For asset groups where impairment is triggered, we use discounted cash flow models (an income approach) to estimate the fair values of the asset groups. The significant assumptions used in the discounted cash flow models include projected sublease income over the remaining lease terms, expected downtime prior to the commencement of executed or future subleases, and discount rates that reflect a market participant's assumptions in valuing the asset groups. Changes in these assumptions used could materially affect our financial condition and results of operations.
Recently Issued Accounting Pronouncements
See Note 2 to our consolidated financial statements included elsewhere in this Annual Report on Form 10-K for more information regarding recently issued accounting pronouncements.
Emerging Growth Company and Smaller Reporting Company Status
We are an emerging growth company, as defined in the Jumpstart Our Business Startups Act of 2012 Act ("JOBS Act") and may remain an emerging growth company until the last day of our fiscal year following the fifth anniversary of the closing of our IPO (i.e., December 31, 2026). Under the JOBS Act, emerging growth companies can delay adopting new or revised accounting standards issued subsequent to the enactment of the JOBS Act until such time as those standards apply to private companies. We have elected to use this extended transition period for complying with new or revised accounting standards that have different effective dates for public and private companies until the earlier of the date that we (i) are no longer an emerging growth company or (ii) affirmatively and irrevocably opt out of the extended transition period provided in the JOBS Act. As a result, our consolidated financial statements may not be comparable to those of companies that comply with the new or revised accounting pronouncements as of public company effective dates.

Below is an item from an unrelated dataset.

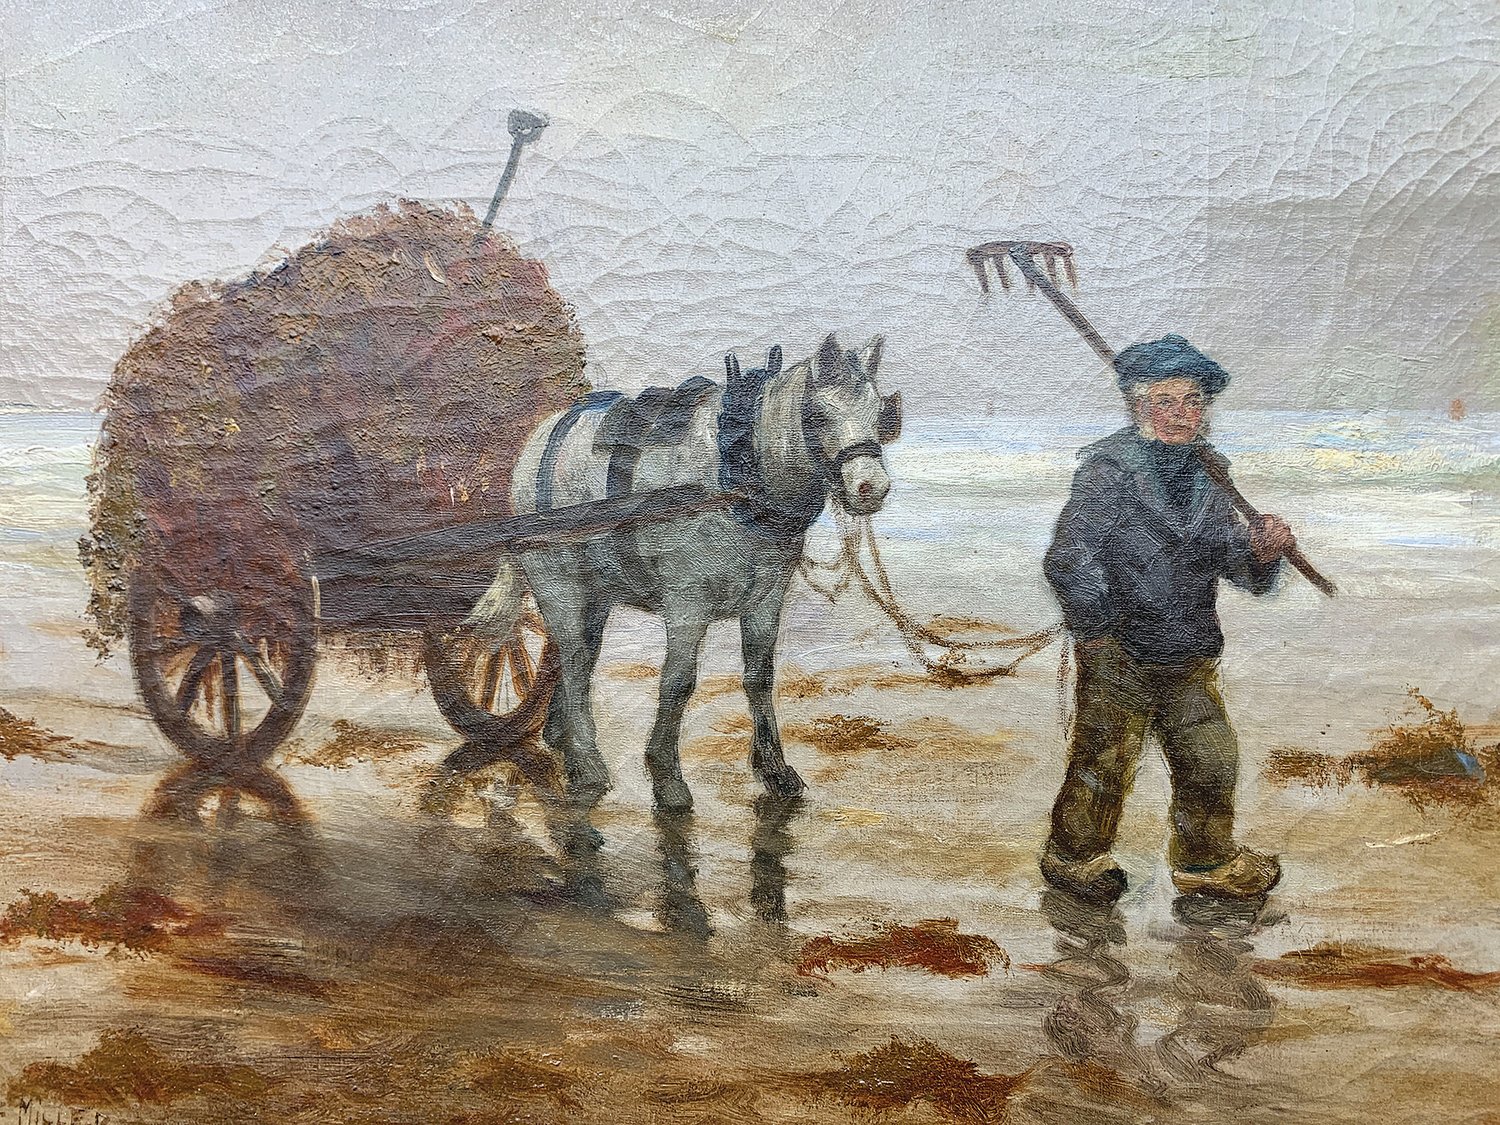 This 1896 oil painting of a kelp gatherer would have been a familiar sight to Oscar Miller during his time in Concarneau, a commune in the northwestern French department of Brittany. Local farmers would collect the seaweed for use as fertilizer in their fields.

We expect to use the extended transition period for any other new or revised accounting standards during the period in which we remain an emerging growth company.
We are also a "smaller reporting company." If we are a smaller reporting company at the time we cease to be an emerging growth company, we may continue to rely on exemptions from certain disclosure requirements that are available to smaller reporting companies. Specifically, as a smaller reporting company, we may choose to present only the two most recent fiscal years of audited consolidated financial statements in our Annual Report on Form 10-K and, similar to emerging growth companies, smaller reporting companies have reduced disclosure obligations regarding executive compensation.